To combat structural racism by ensuring that historically underrepresented groups have access to training, mentorship, and career progression in the cancer research and care workforce, AACR recommends that policy makers and the medical research community:
- Improve the medical school curriculum to educate a new generation of health care professionals and researchers in health disparities, social determinants of health, implicit bias, cultural humility, and community engagement.
- Increase the diversity of the cancer research and care workforce so that it reflects the population of patients with cancer in the United States.
- Support student loan repayment programs to make health care careers more accessible for historically underrepresented communities and provide student loan assistance to researchers who focus on racial and ethnic disparities in health.

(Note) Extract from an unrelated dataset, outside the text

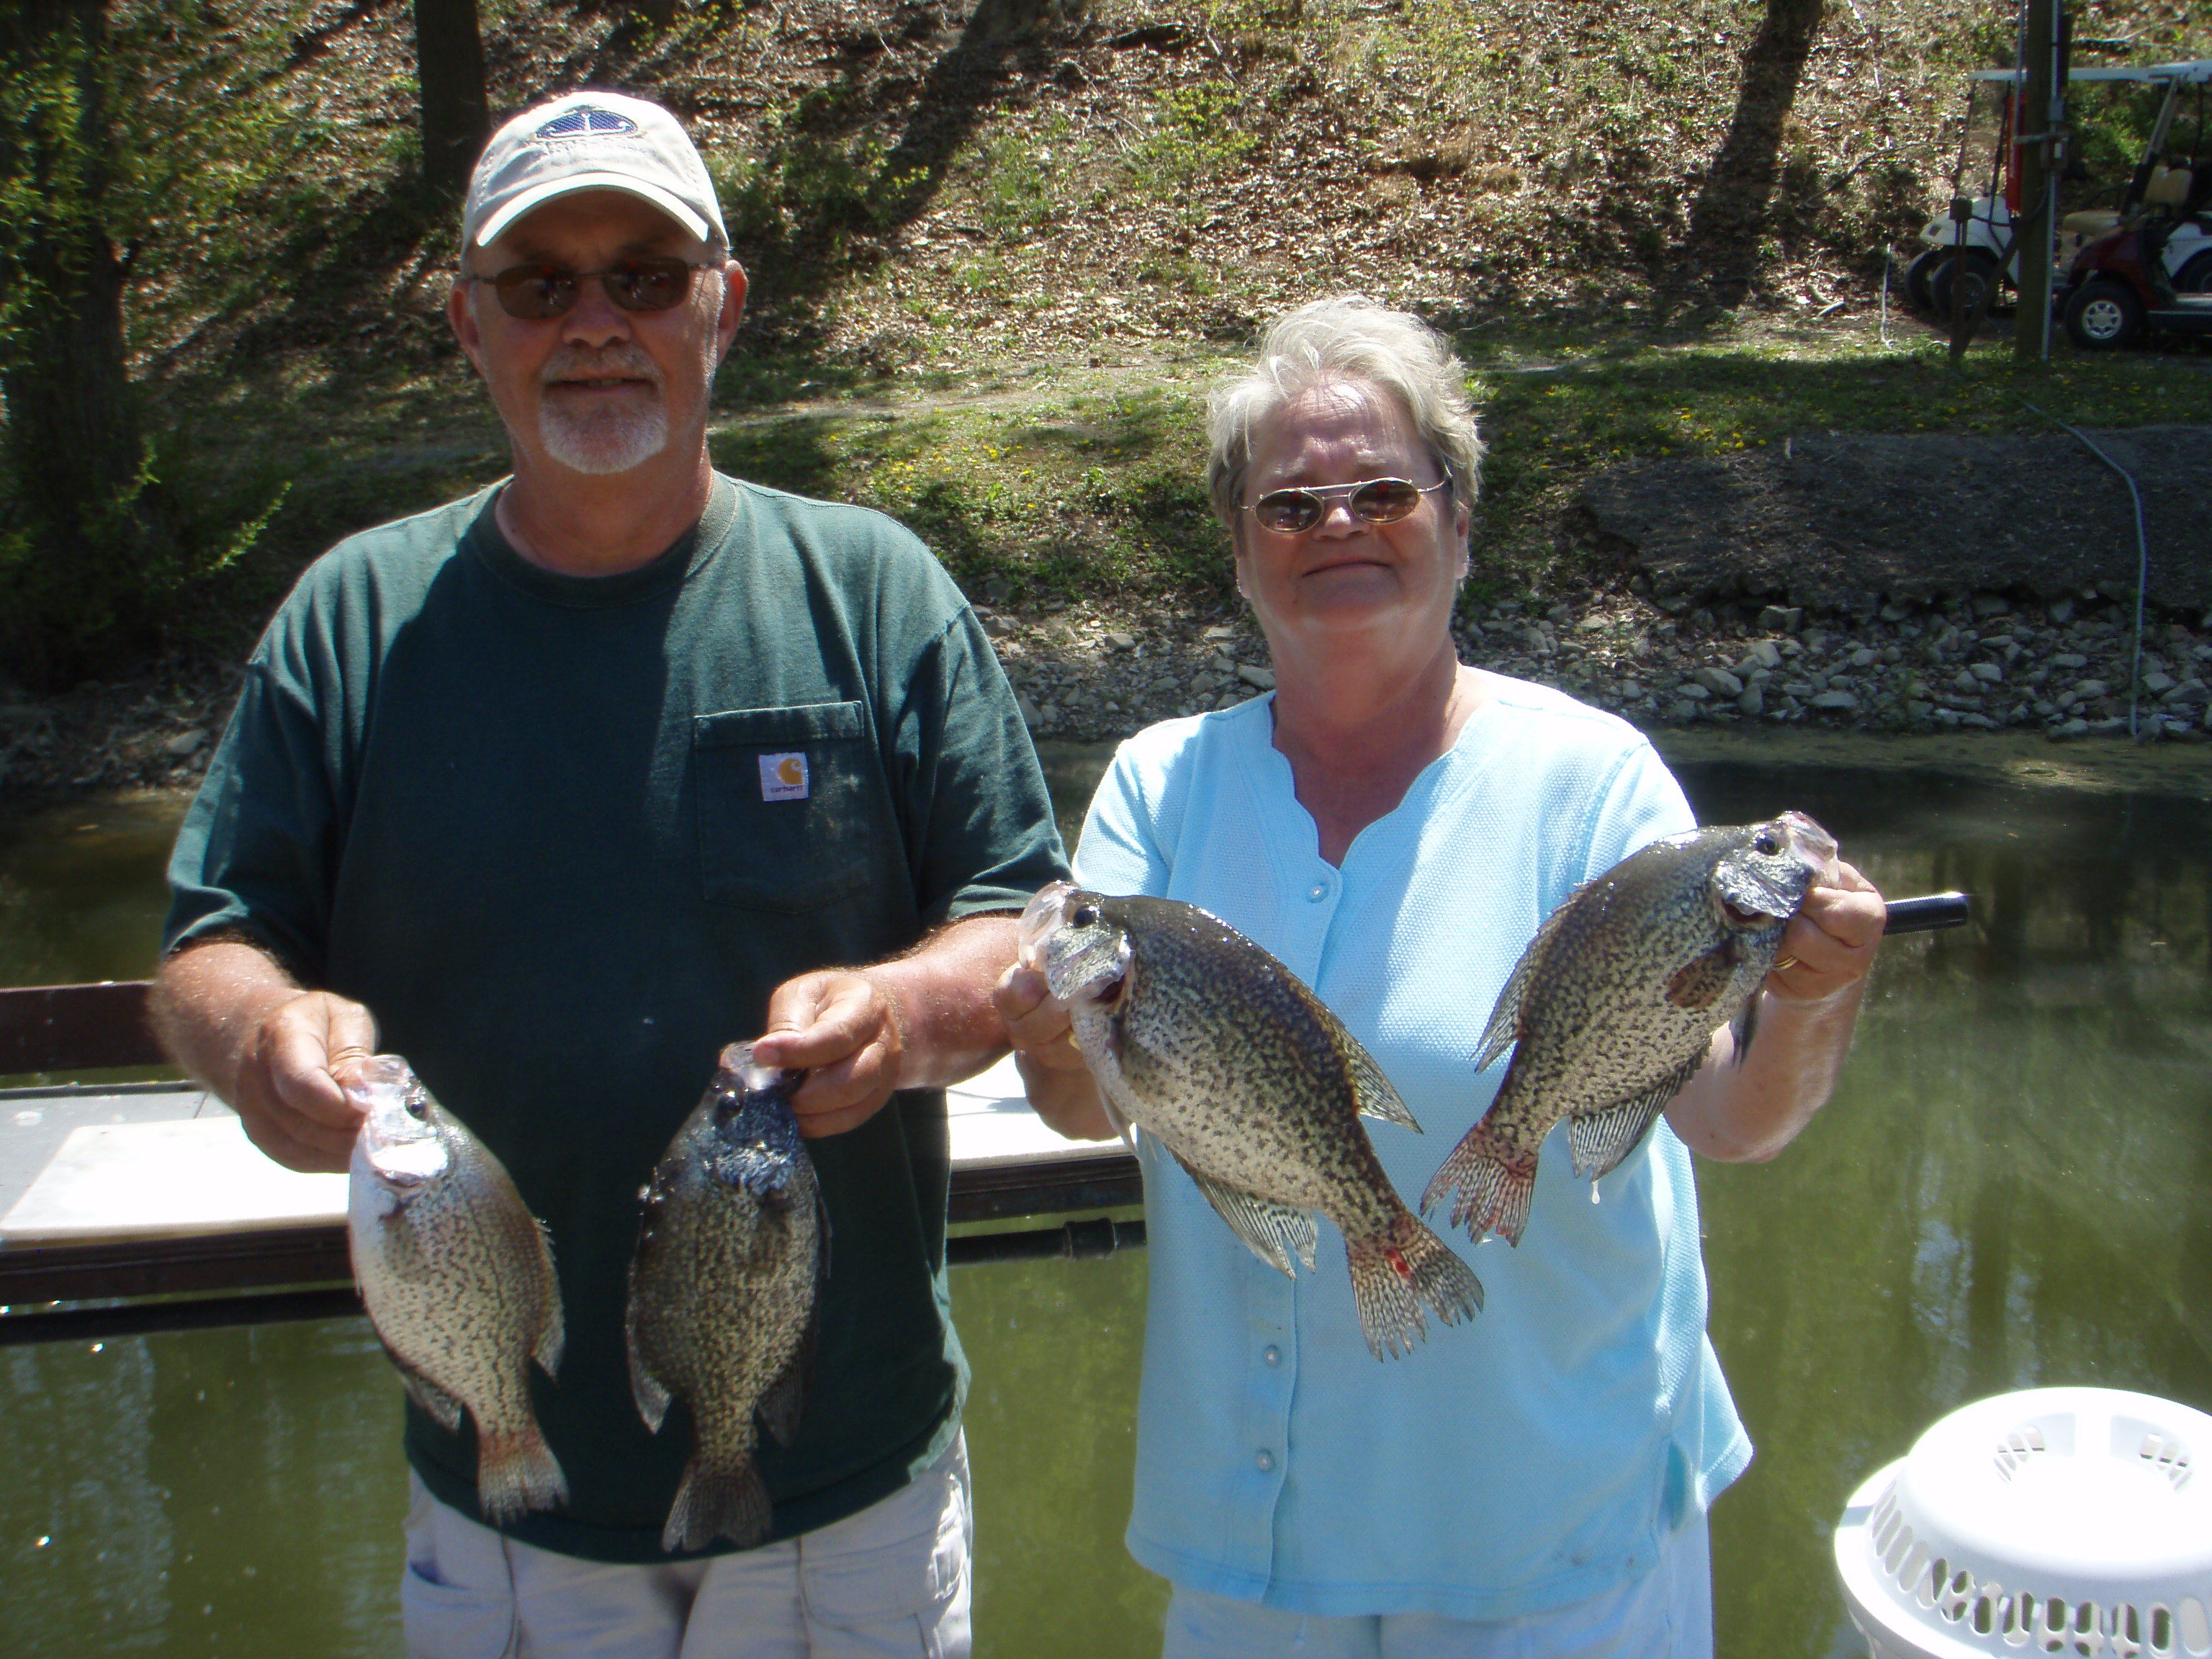 Holiday hills resort on lake barkley for Ky and barkley lake fishing report

- Create a network of skilled patient advocates from underrepresented communities and populations.
- Utilize mentorships and peer networks to increase career and financial security for researchers from underrepresented minority populations.
The Health Equity and Accountability Act (HEAA), which is a comprehensive legislation introduced on behalf of the Congressional Tri-Caucus comprised of the Congressional Black Caucus, Congressional Asian Pacific American Caucus, and the Congressional Hispanic Caucus, aims to eliminate racial and ethnic health inequities and expand access to high-quality and affordable health care. AACR recommends passage of provisions of the HEAA that would:
- Expand Medicaid under the Affordable Care Act to the remaining states that are yet to implement expansion.
- Increase diversity within the health care workforce by providing grants to HBCUs and Minority-Serving Institutions for counseling, mentoring, and providing financial assistance to recruit underrepresented minority individuals within graduate programs in health care and related fields.
- Implement a Lung Cancer Mortality Reduction Program aimed at reducing lung cancer mortality by at least 25 percent; establish an Interagency Prostate Cancer Coordination and Education Task Force across federal agencies to expand prostate cancer research, screening, awareness, and testing; and require the U.S. HHS to evaluate disparities in the quality of cancer care within Medicare.
- Reduce the prevalence of tobacco use by expanding coverage for tobacco cessation services under Medicaid and private health insurance plans, increase the excise tax on cigarettes, and create tax parity for other tobacco products.
Fulfilling the recommendations included in our Call to Action demands ongoing, active participation from a broad spectrum of stakeholders. These efforts must be coupled with actions to eradicate the systemic inequities and social injustices that are barriers to health equity, which is one of our most basic human rights.